Louisiana State Police has some advice on what to do if you see school violence threats on social media: call police instead of sharing the unsubstantiated threat on social media.
According to State Police, local and national law enforcement have been responding to numerous copycat threats at schools following the tragic high school shooting in Parkland, Florida.
In Tangipahoa Parish, the threat was credible and quickly addressed by the Tangipahoa Parish Sheriff's Office. In Evangeline Parish, a student was arrested for posting threats online.
But the vast majority of these types of threats are not credible, according to State Police.

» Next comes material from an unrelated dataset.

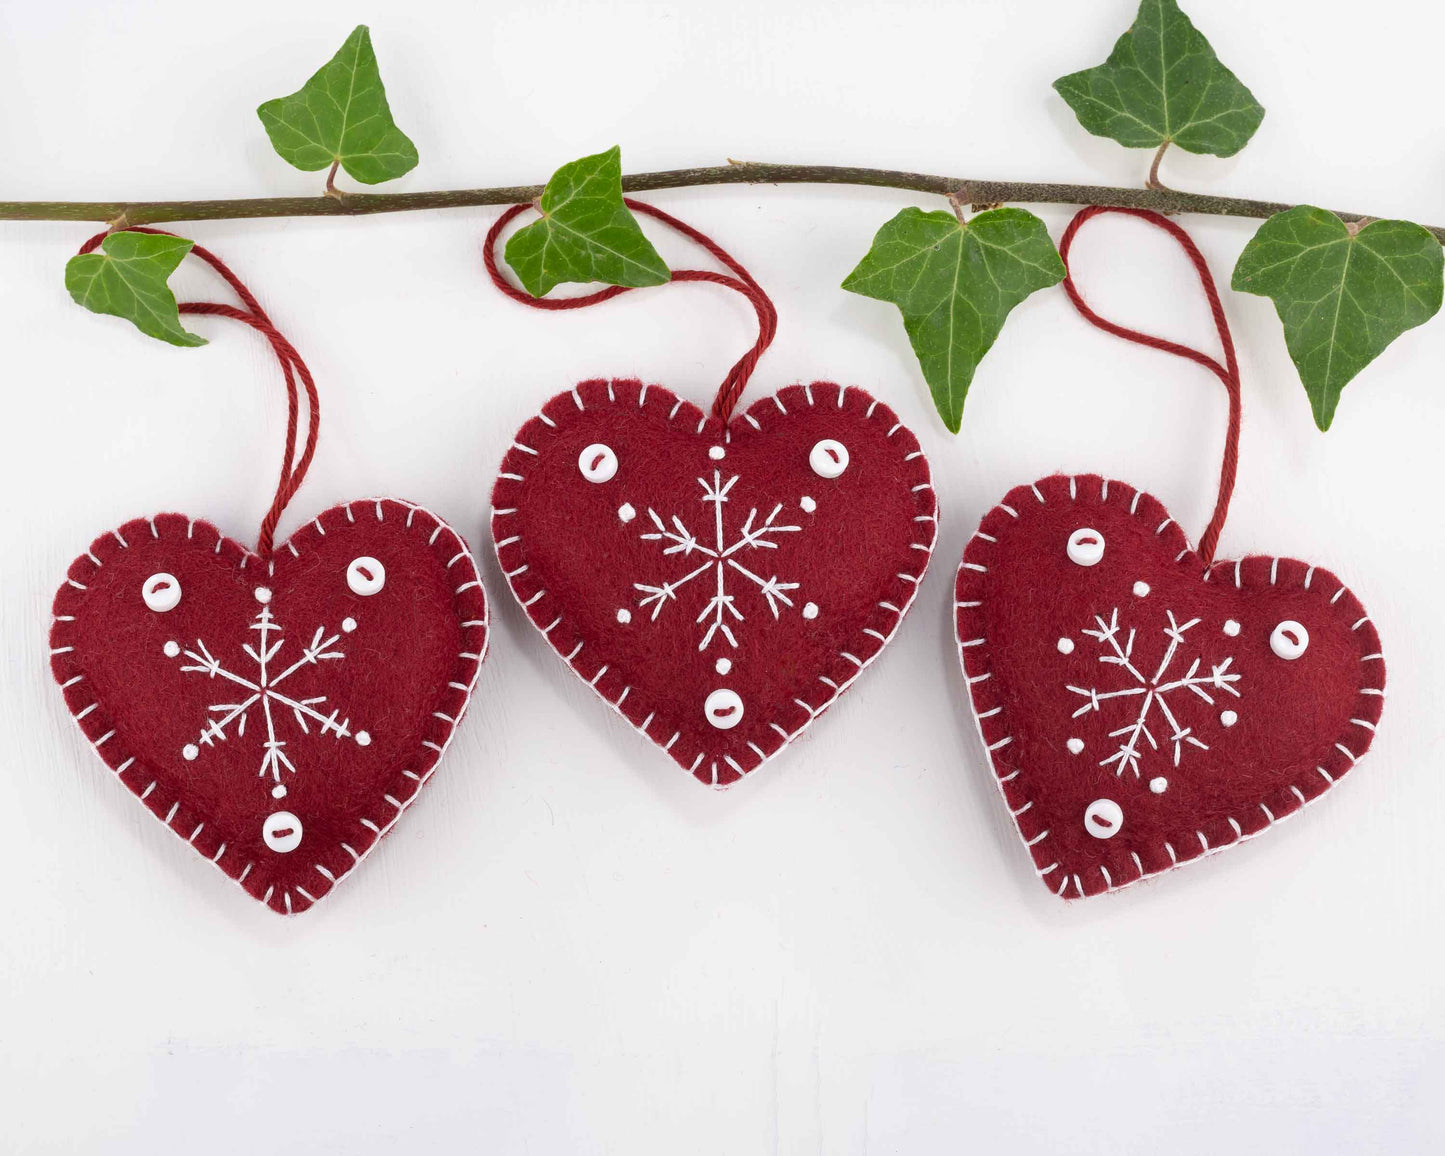 Red and White Snowflake Heart Christmas Ornaments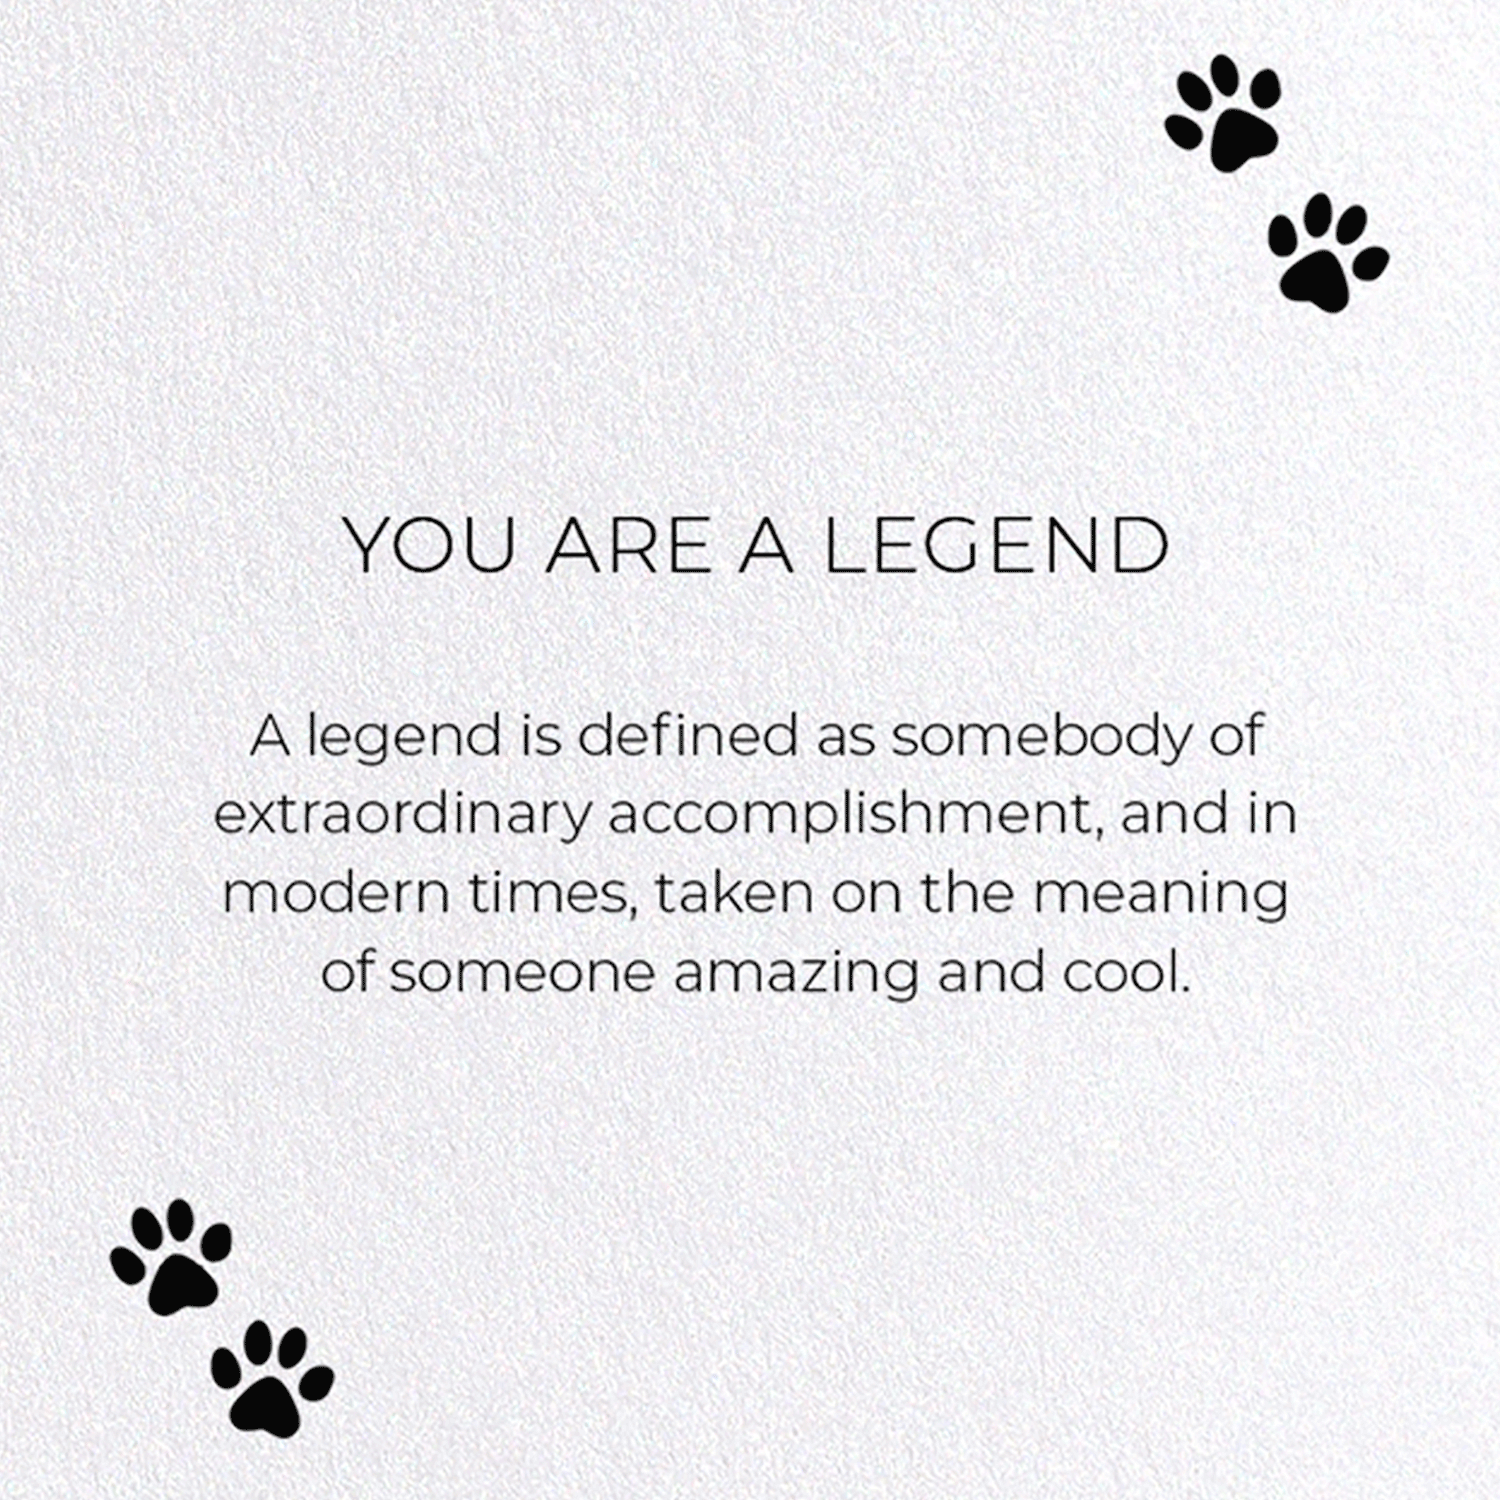 YOU ARE A LEGEND

"Although we highly encourage citizens to report suspicious activity, we want to remind them that the increased sharing of unsubstantiated threats through social media stresses the resources available to respond to and investigate these claims," State Police said. "The sharing of unsubstantiated threats through social media could add chaos and panic to our school systems and further burden the facility, staff, and student body."
Police say if the threat is time sensitive and viewed as an imminent danger, call 911 - immediately. If it's something that warrants further investigation, you should contact local law enforcement.
There are serious consequences for posting threats. The terrorizing law in Louisiana is a felony and states that people who intentionally communicate information of a crime of violence, which causes the public to be in sustained fear for their safety, causes the evacuation of a building, or other serious disruption to the general public can be arrested and fined up to $15,000 and/or imprisoned for up to 15 years.